* Problem details *
Set the material down again exactly, line by line, skipping each picture.

* Data section *
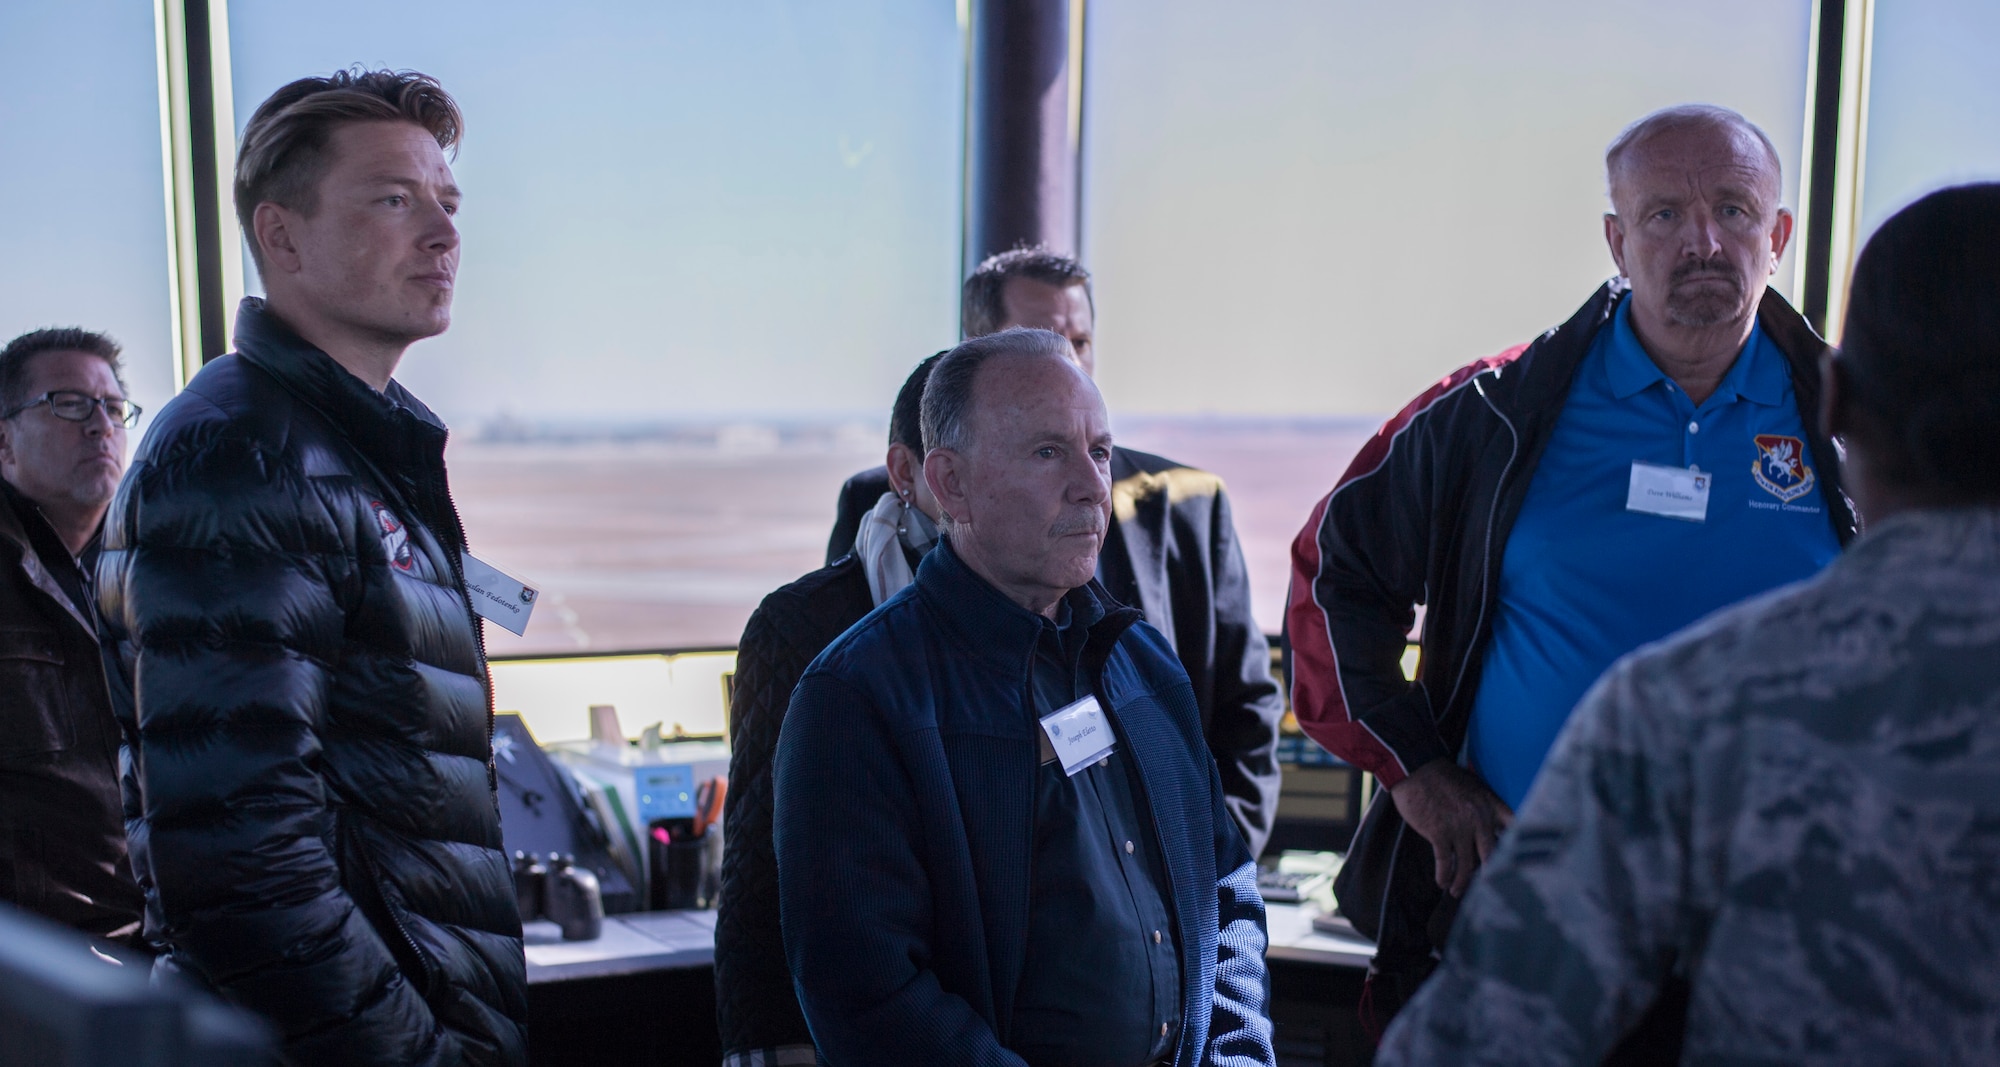 Honorary commanders receive a mission brief in the air traffic control tower during an immersion tour at MacDill Air Force Base, Fla., Jan. 18, 2018.
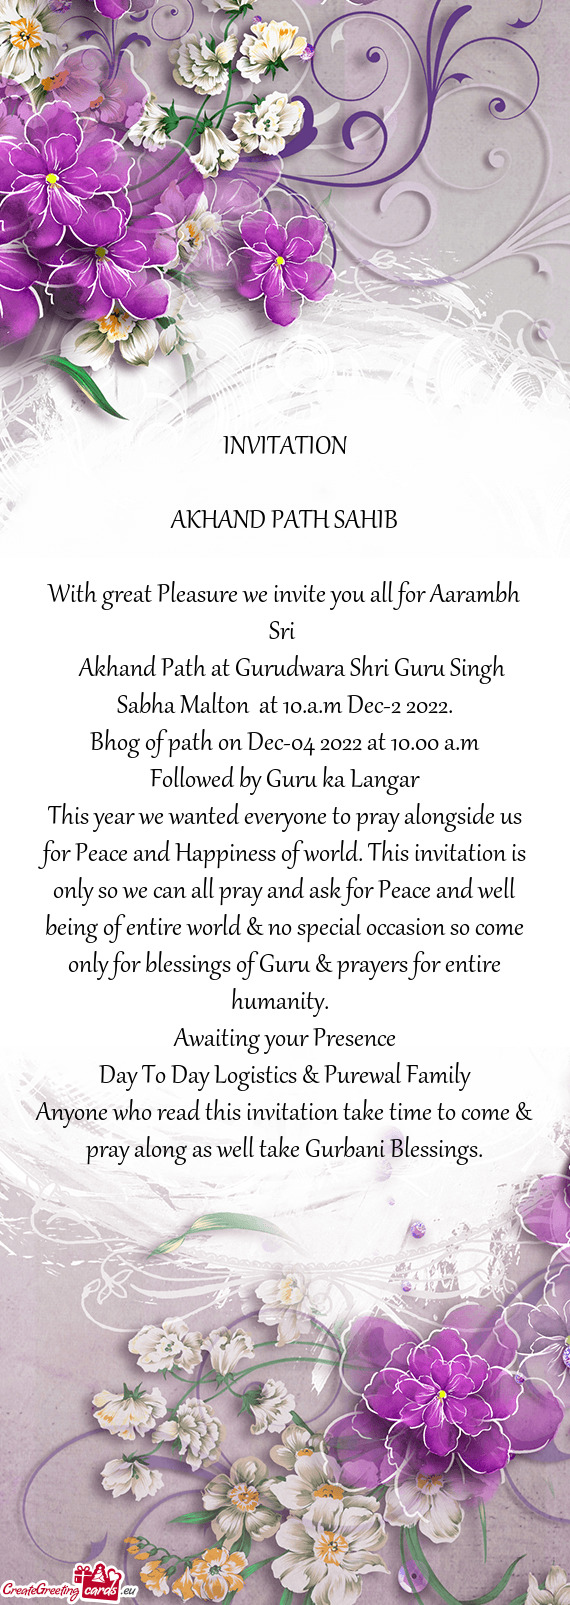 With great Pleasure we invite you all for Aarambh Sri
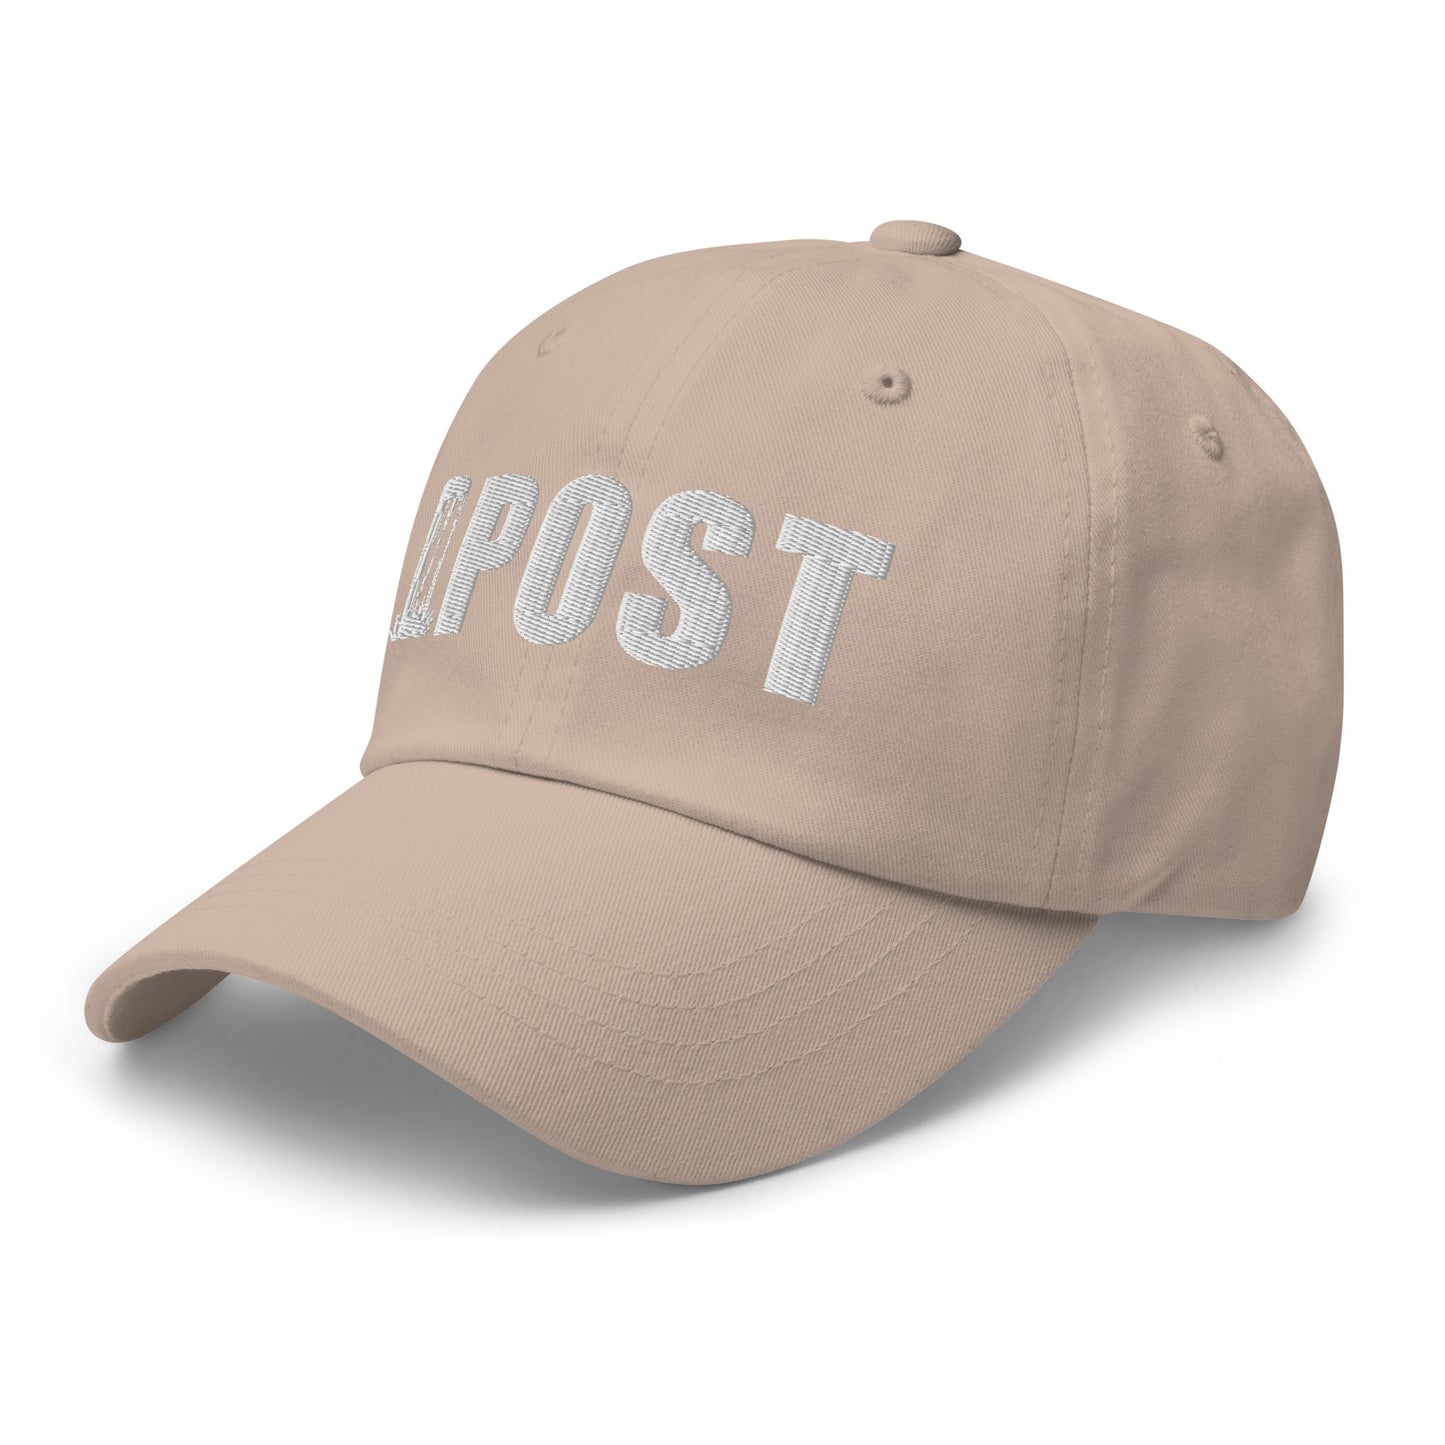 P.O.S.T. Dad Hat

* Reply to the task *
 Honorary commanders receive a mission brief in the air traffic control tower during an immersion tour at MacDill Air Force Base, Fla., Jan. 18, 2018.
 With great Pleasure we invite you all for Aarambh Sri
 P.O.S.T. Dad Hat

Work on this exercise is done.